Es ist gleichsam als träfe man wenige Kilometer südlich des Hanauer Landes nochmals auf eine Dependenz, auf eine Exklave derselben. Das sogenannte Hanauer Land, grob umrissen entlang des Rheines zwischen den größeren Ortschaften Lichtenau (Norden) und Willstätt (Süden) sich erstreckend bedeutet nichts weniger als den letzten Landstrich Badens, der noch auf eine Anzahl ansehnlicher Dörfer verweisen kann. Als eine beeindruckend ungewöhnliche Ausnahme trotzte hier eine ganze Gegend dem allgemeinen Dorfschicksale des 20. Jahrhunderts, das als das rurale Opfer des Modernismus in bedenkenswerter Konsequenz Dorf für Dorf zerstört, zumindest aber entstellt, verwässert, anonymisiert ward.

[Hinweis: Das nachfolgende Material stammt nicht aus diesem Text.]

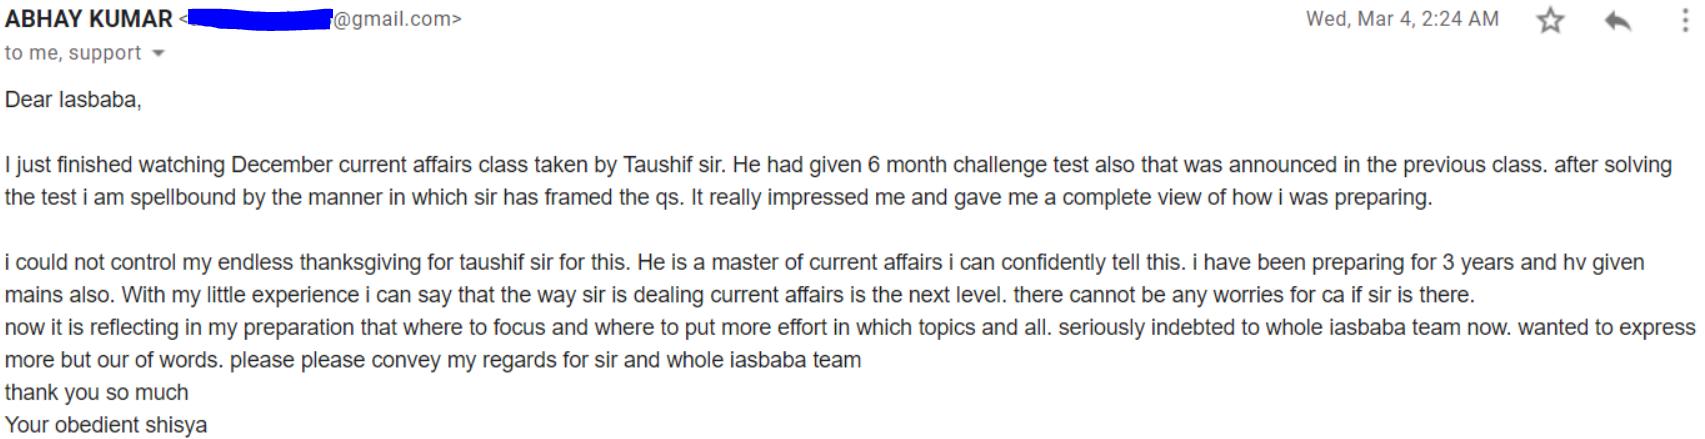 Abhay Kumar PEP Testimonial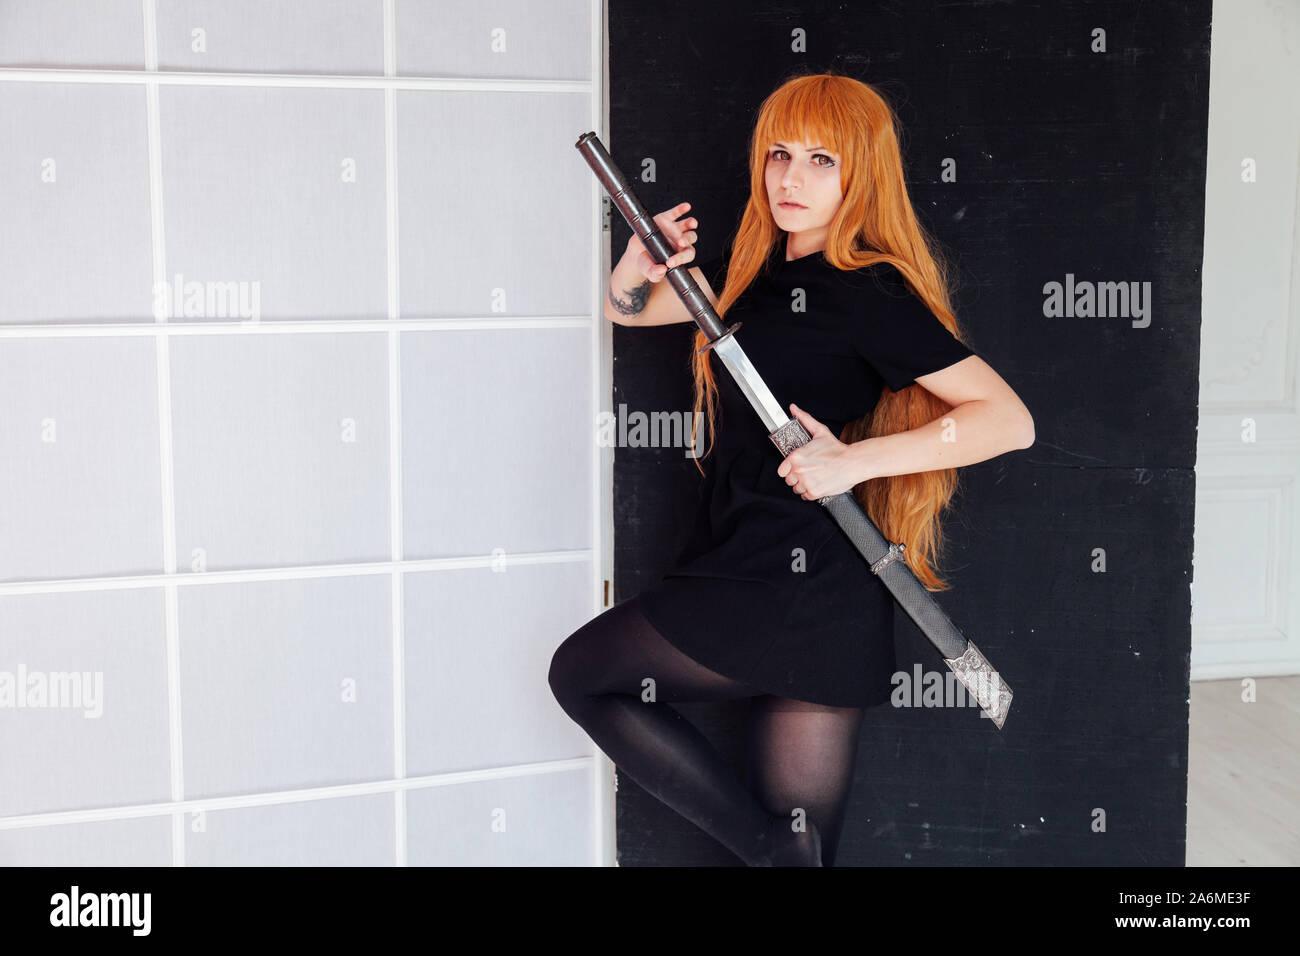 Girl sword Japan cosplayer anime red hair Stock Photo - Alamy

Wie nun dem erfrischend abweichenden Hanauer Land ein eigener Beitrag in den 'Wanderungen Band 2' gebührte — deren zwei schönste und auch historisch bedeutsamste Orte Kork und Willstätt gleichfalls zu eigener Hervorhebung gelangten — so darf man den heutigentags Neurieder Ortsteil Altenheim ohne weiteres mit den beiden letzteren vergleichen. Auch sollte man in diesem Zusammenhange der Namen Kürnbach (bei Eppingen) und Bauschlott (bei Pforzheim) gedenken, welche gleichfalls, obgleich dörflich geprägt auch im 21. Jahrhundert noch mit ausgewiesener Schönheit. So hat man nämlich die ansehnlichsten Dörfer Badens endlich in einem Abschnitt zusammengeführt. Allen gemeinsam ist der leider so extraordinäre Erhalt der historischen Substanz in der jeweiligen Ortsmitte.
In Altenheim eine Dependenz des rühmlichen Hanauer Landes zu erfinden, mag an der räumlichen Annäherung beider seine Begründung finden. Altenheim, als einer der unzähligen Fleckchen im vorgroßherzoglichen Baden gehörte dem “Exoten” Nassau-Usingen, das ansonsten im späteren Baden nur noch über den wenige Kilometer entfernten, nur wenig größeren Raum von Lahr und Umgebung verfügte. Jene Partie mit dem Hauptorte Altenheim lag über eine “Landbrücke”, die schmaler nicht gedacht werden kann mit besagtem Hanauer Land gar noch unmittelbar verbunden. So mag diese zarte Berührung jenes markante Leben eingehaucht haben, das Jahrhunderte später noch Frucht in Gestalt eines Dorfidylls eintrug.
Bei Altenheim also von einem Dorfidyll zu sprechen beruht wie bei den anderen: Kork, Willstätt, Kürnbach und Bauschlott auf selber Grundlage: erhaltene historische Bausubstanz — soviel wurde bereits eingeführt. Freilich kann bedeutend verfeinert werden, denn was die rurale Schönheit bewirkt, die locker gestreute Bebauung in enger Beziehung zur durchwirkenden Natur ist in allen Fällen “haarklein” dieselbe — Fachwerkbauten des 18. und 19. Jahrhunderts, geschart jeweils um einen alten Kirchenbau. Wagt man einen Vergleich, so verweist man im Falle von Kürnbach und Bauschlott auf bescheidene, nichtsdestotrotz hilfreich ergänzende Schlossanlagen. Darüberhinaus aber nimmt man leicht differenzierbar die Gotteshäuser zu Hilfe: in Kürnbach gotisch, in Bauschlott romantizistisch (Mitte 19. Jahrhundert), in Kork und Willstätt barock. Und in Altenheim? Da geht’s entschieden kraftvoll, besonders monumental zu; denn kein geringerer als einer der bedeutendsten Baumeister Deutschlands, Friedrich Weinbrenner, der badische (Ober-)Baudirektor der ersten drei Jahrzehnte des 19. Jahrhunderts lieferte einen trefflichen zeitgemäß-klassizistischen Entwurf. Das also die ausgewiesene Besonderheit Altenheims unter den anmutigsten Dorfansiedlungen Badens: eine der schönsten Weinbrennerstil-Kirchen des Landes.